West African Resources is, in our view, one of the most undervalued gold producers on the ASX. Its portfolio includes the Sanbrado mine and the Kiaka development project, both located in Burkina Faso. Together, these assets underpin more than 12 Moz in JORC Resources. At a share price of roughly A$3.24 and a forward EPS estimate of ~A$1.02, the company trades on a forward P/E of just 3.2×.

Sanbrado continues to perform well, generating robust cash flow and maintaining competitive costs. Kiaka, one of the largest undeveloped gold deposits in West Africa, is expected to transform the company’s production profile, potentially doubling output once fully ramped. The market appears to be discounting geopolitical risk heavily, but West African has consistently demonstrated its ability to operate effectively in the region. If Kiaka progresses as planned, the current multiple may look anomalous in hindsight.

6. Genesis Minerals (ASX: GMD) — 8.6× Forward P/E

Genesis Minerals has rapidly evolved into a significant player in the Australian gold sector through its consolidation of the Leonora district in WA. The combined portfolio — including the Gwalia mine — now carries roughly 15 Moz in JORC Resources, giving Genesis one of the deepest resource bases among mid‑tier Australian producers.

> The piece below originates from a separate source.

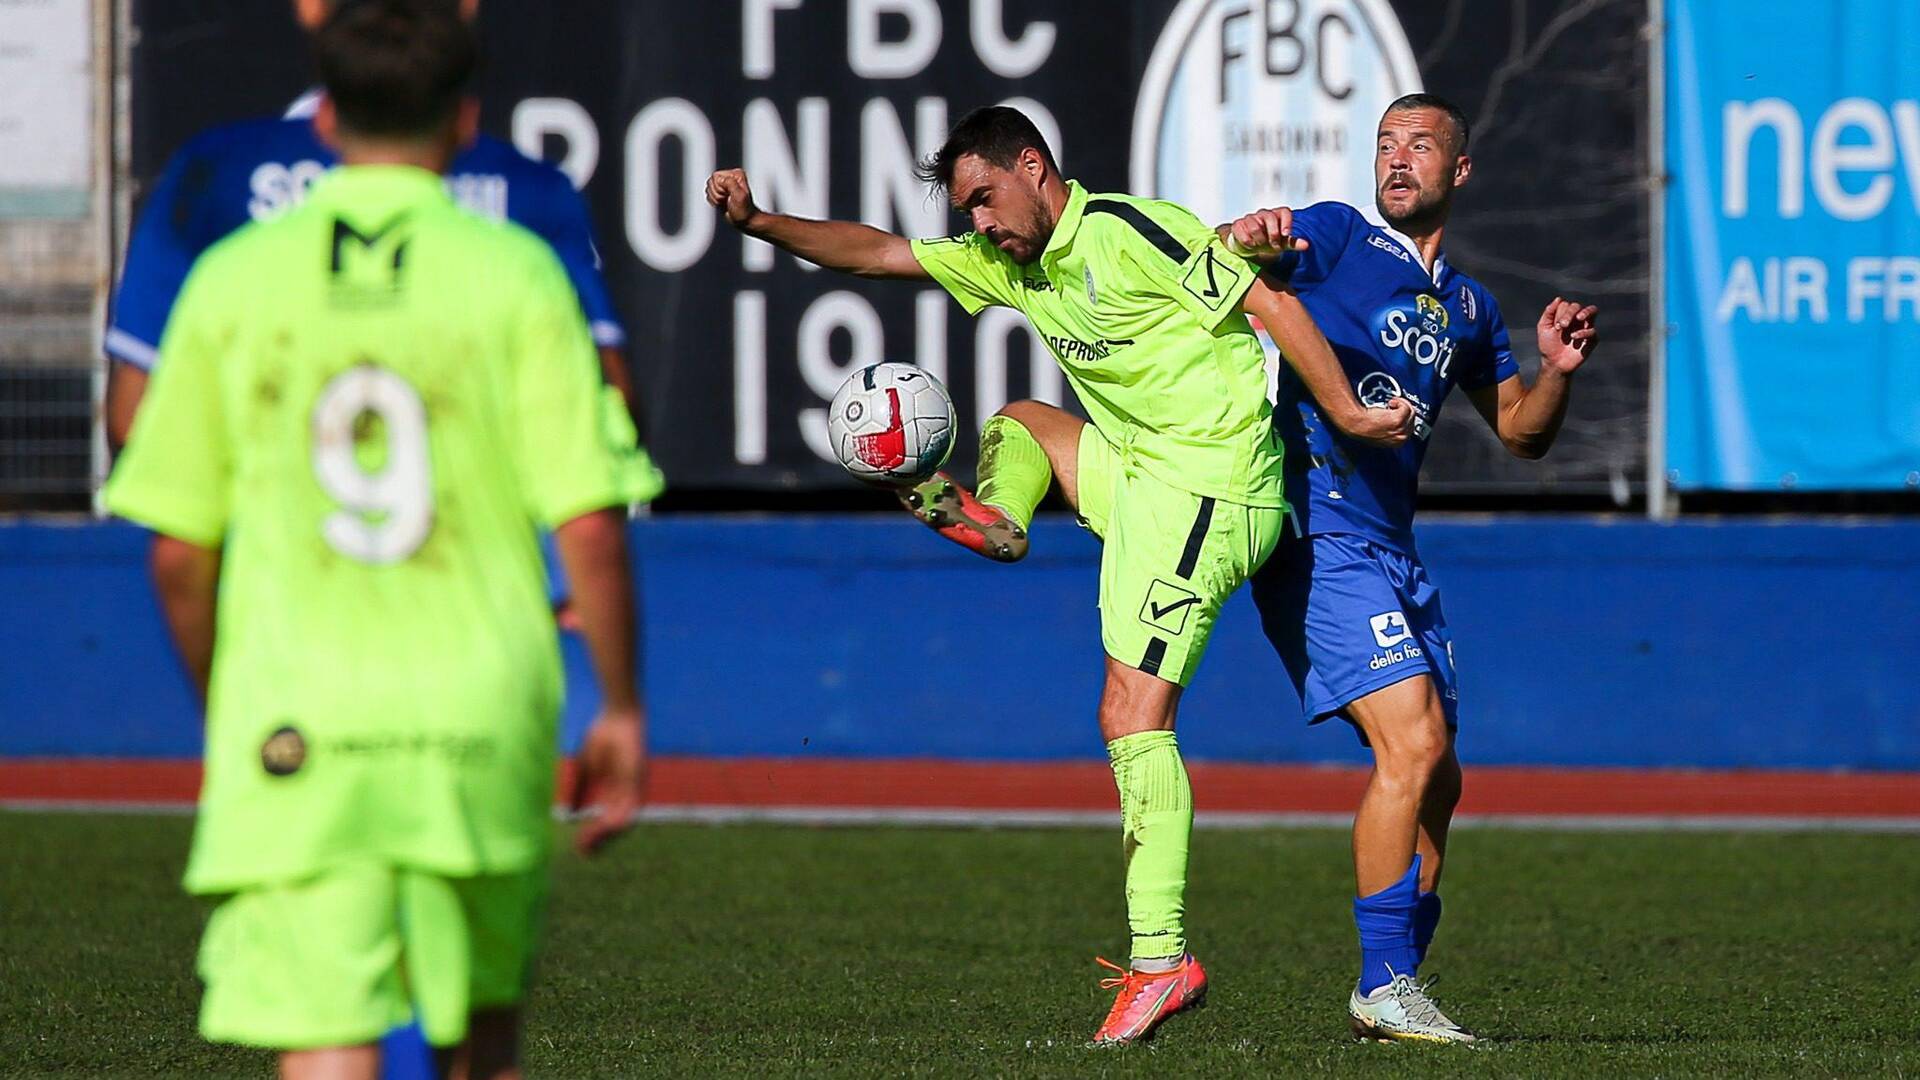 Calcio, Fbc Saronno: Baldan infortunato, doccia fredda in vista del derby
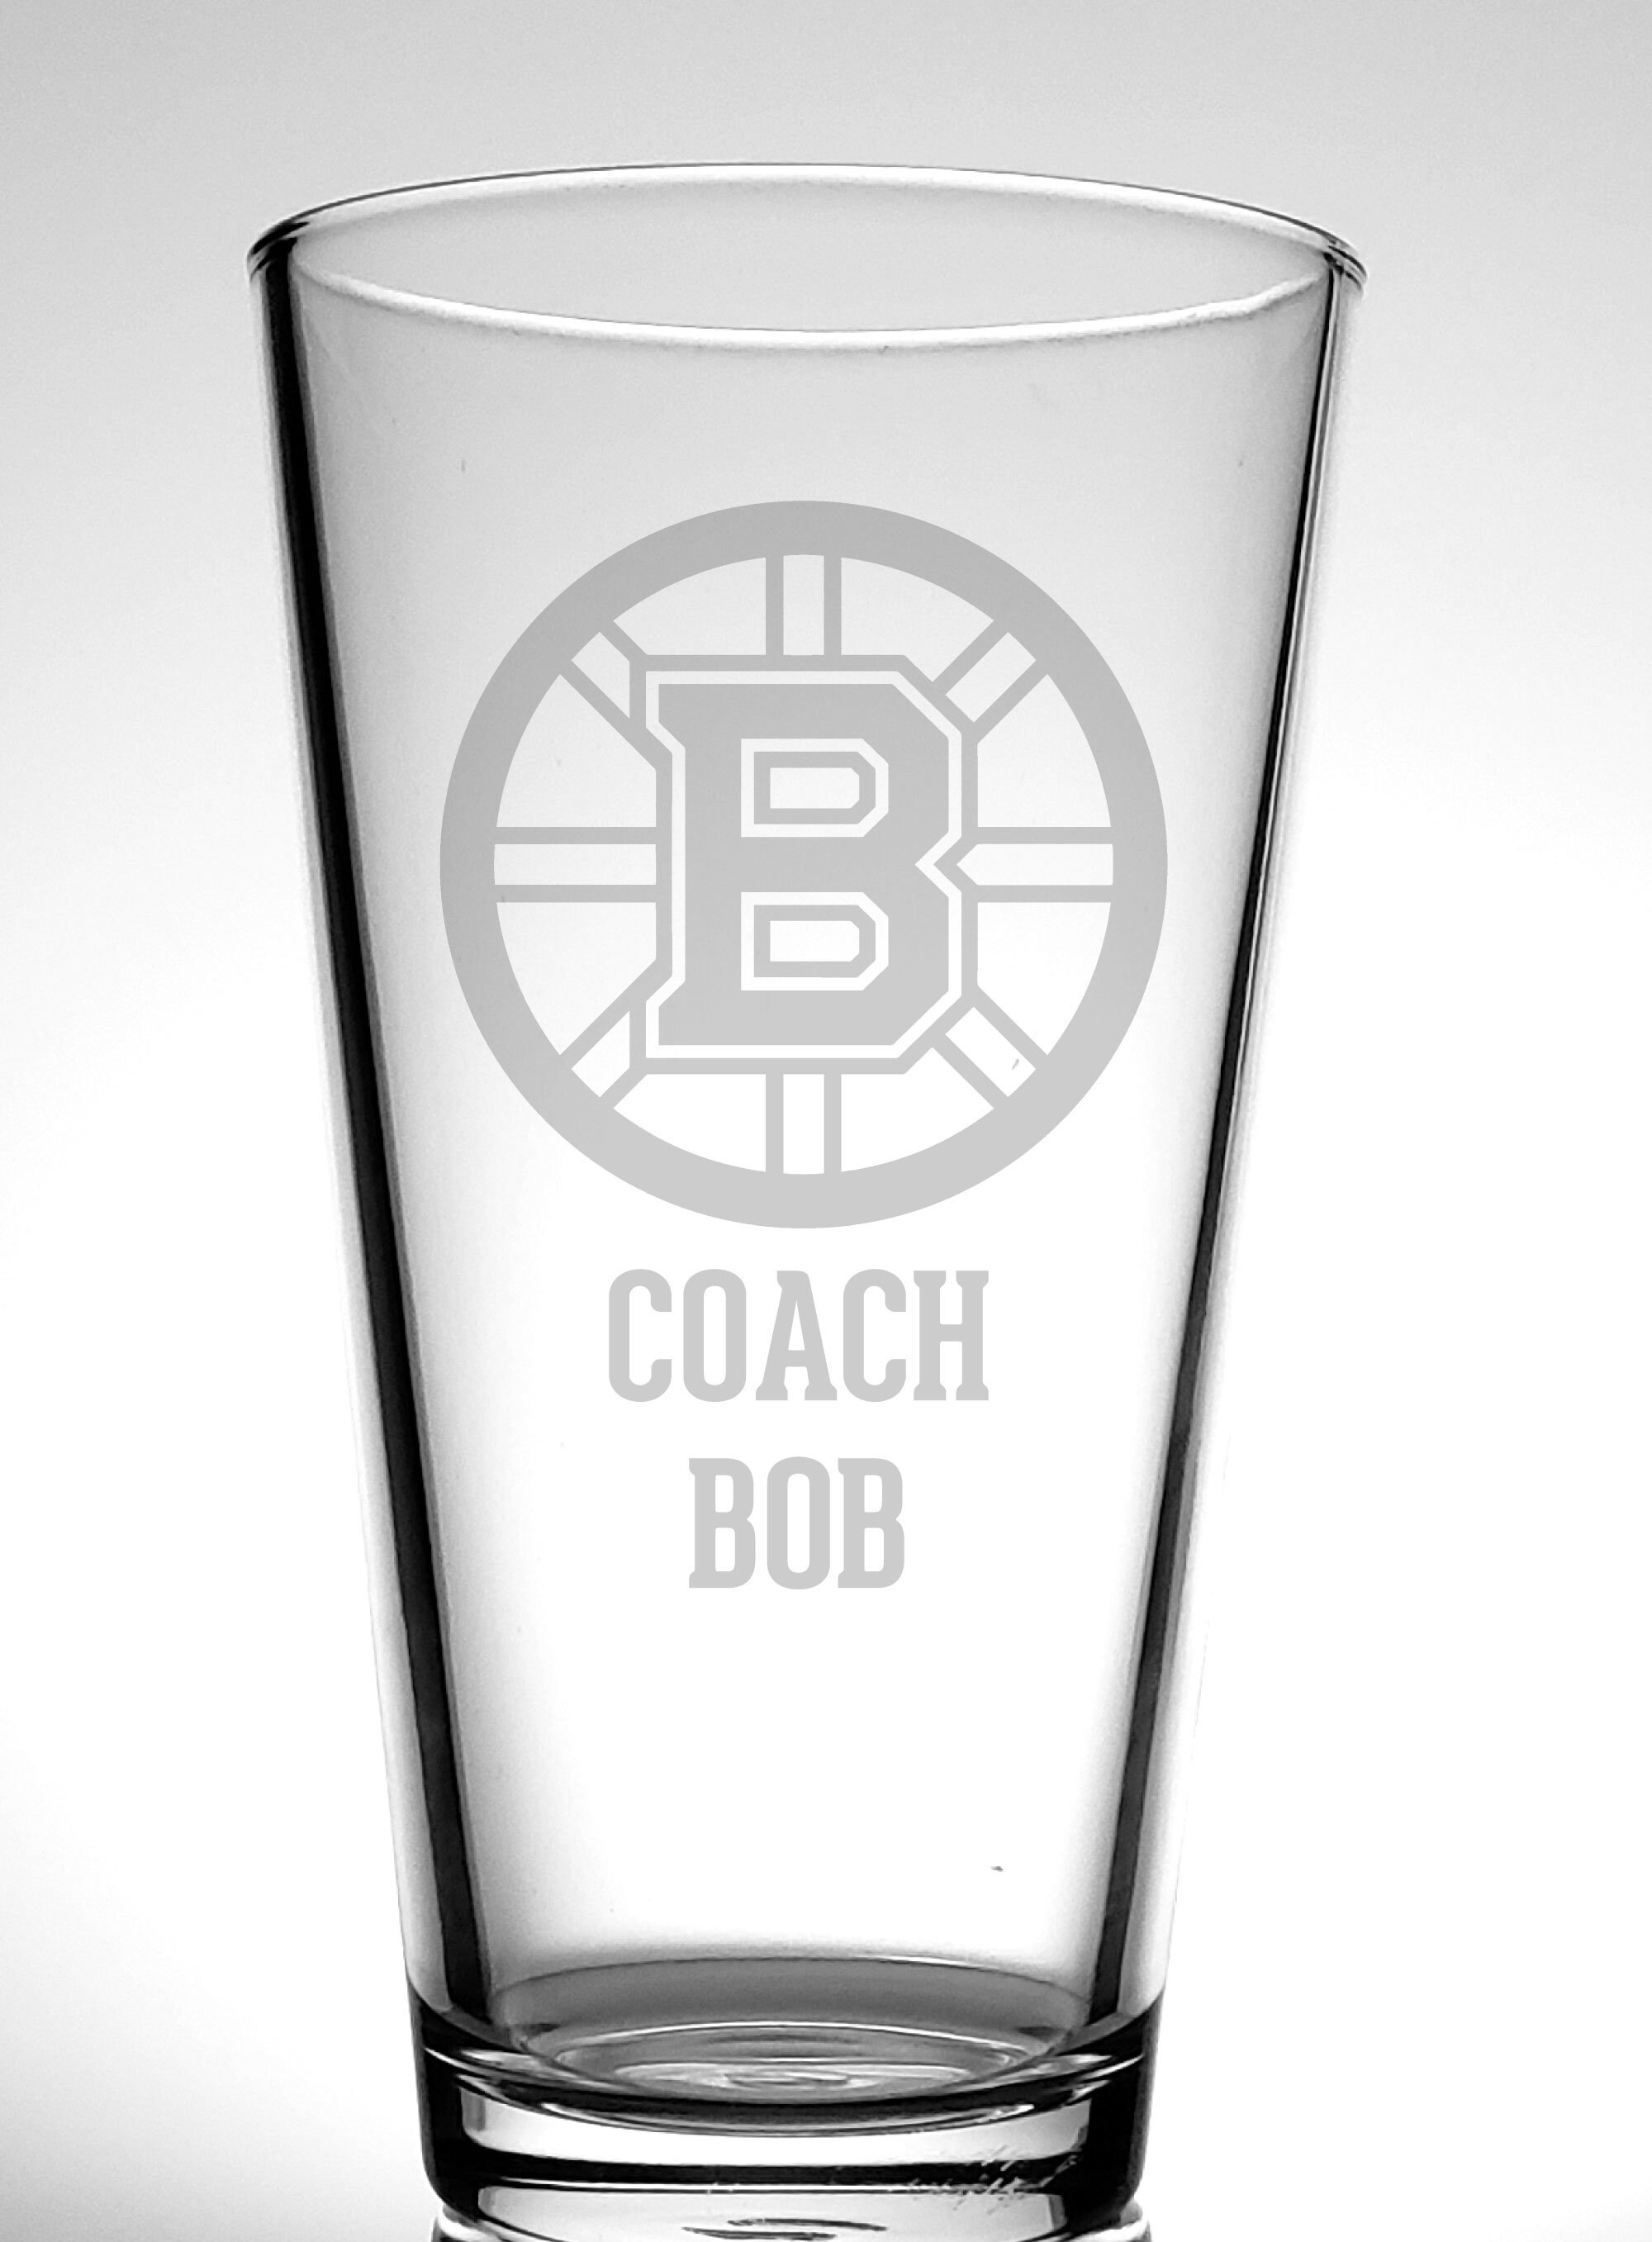 Boston Bruins Fan Fest: Dunking Blackhawks, personalizing beer

At a share price of around A$6.62 and a forward EPS estimate of ~A$0.65, the company trades on a forward P/E of roughly 8.6×.

The Leonora consolidation has created a platform for scale, efficiency and long‑term optionality. Genesis is working to optimise mine plans, rationalise infrastructure and unlock synergies that were not available to the previous owners. The company’s leadership team has a strong track record of value creation, and early operational updates suggest the integration is progressing well.

The key question is execution. But the ingredients are there: a high‑quality asset base, a capable management team and a clear plan. If integration continues smoothly, the current valuation could prove conservative.